STF derruba decisão liminar de Barroso que autorizava enfermeiros a realizarem aborto legal
O Plenário do Supremo Tribunal Federal (STF) derrubou a decisão liminar do ministro Luís Roberto Barroso que propunha incluir enfermeiros entre os profissionais autorizados a realizar o aborto legal. O julgamento do colegiado terminou nesta sexta-feira (24).
A decisão monocrática de Barroso, proferida pouco antes de sua aposentadoria da Corte, também buscava reconhecer a "insuficiente proteção ao direito fundamental" ao procedimento, mas foi rejeitada por unanimidade pelos demais ministros.
Prevaleceu o voto divergente do ministro Gilmar Mendes. Ele argumentou que não foram atendidos os requisitos necessários para uma decisão liminar de urgência (periculum in mora e fumus boni iuris), não havendo um fato novo ou urgência que justificasse a atuação monocrática do relator. Todos os outros ministros acompanharam essa posição.
CONTEXTO
A liminar de Barroso valia para duas das três ações que ele pautou e votou na última semana antes de deixar o STF. As ações questionavam obstáculos ao aborto legal no Brasil:
1ª Ação: Pedia que a interrupção da gravidez nas hipóteses legais não fosse exclusividade dos médicos, permitindo que diversas categorias de profissionais de saúde atuassem, conforme orienta a Organização Mundial da Saúde (OMS).
2ª Ação: Buscava garantir o acesso facilitado ao aborto legal para vítimas de estupro, derrubando obstáculos como uma nota técnica do Ministério da Saúde que restringe o procedimento, exigindo que ele seja feito até, no máximo, 22 semanas de gestação.
O ABORTO NO BRASIL
Atualmente, o aborto só é permitido pela legislação brasileira em casos de:
- Risco de vida da gestante.
- Gravidez resultante de estupro.
- Anencefalia fetal (conforme jurisprudência do STF).
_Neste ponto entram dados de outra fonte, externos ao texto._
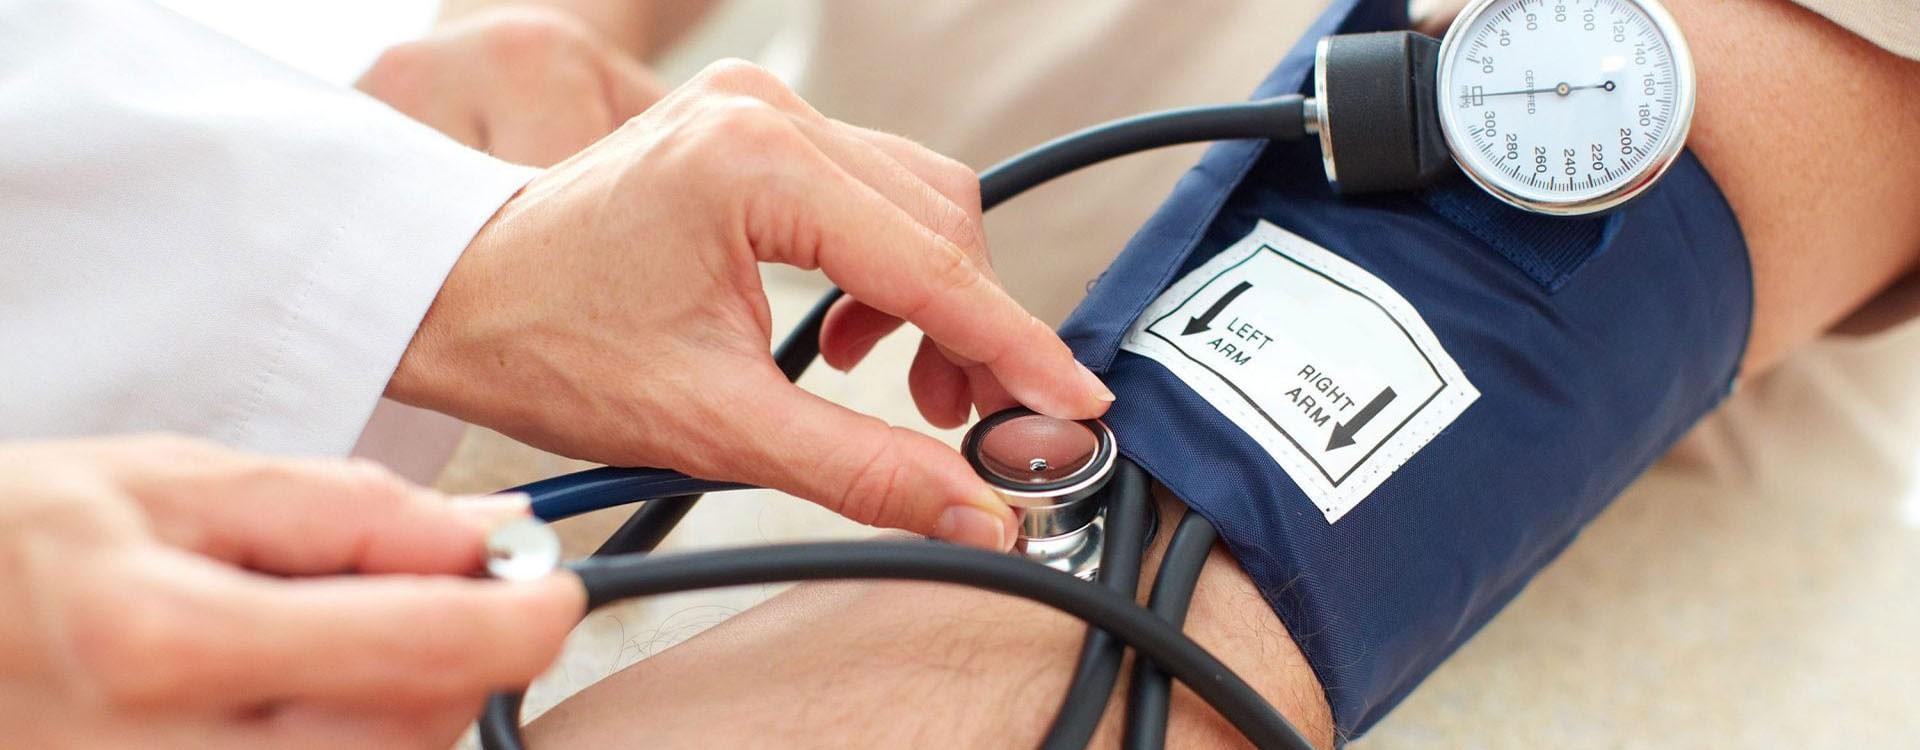 نکات مهم در انتخاب و خرید دستگاه فشار سنج | چگونه دستگاه فشارخون انتخاب کنیم

A decisão liminar derrubada não estava inserida na terceira e principal ação sobre o tema (ADPF 442), que discute a descriminalização total do aborto até a 12ª semana de gestação.
Na véspera de sua aposentadoria, Barroso votou a favor do pedido dos autores desta ação, defendendo que a interrupção da gestação deve ser tratada como uma questão de saúde pública, não de Direito Penal, e que as mulheres possuem o direito fundamental à liberdade sexual e reprodutiva.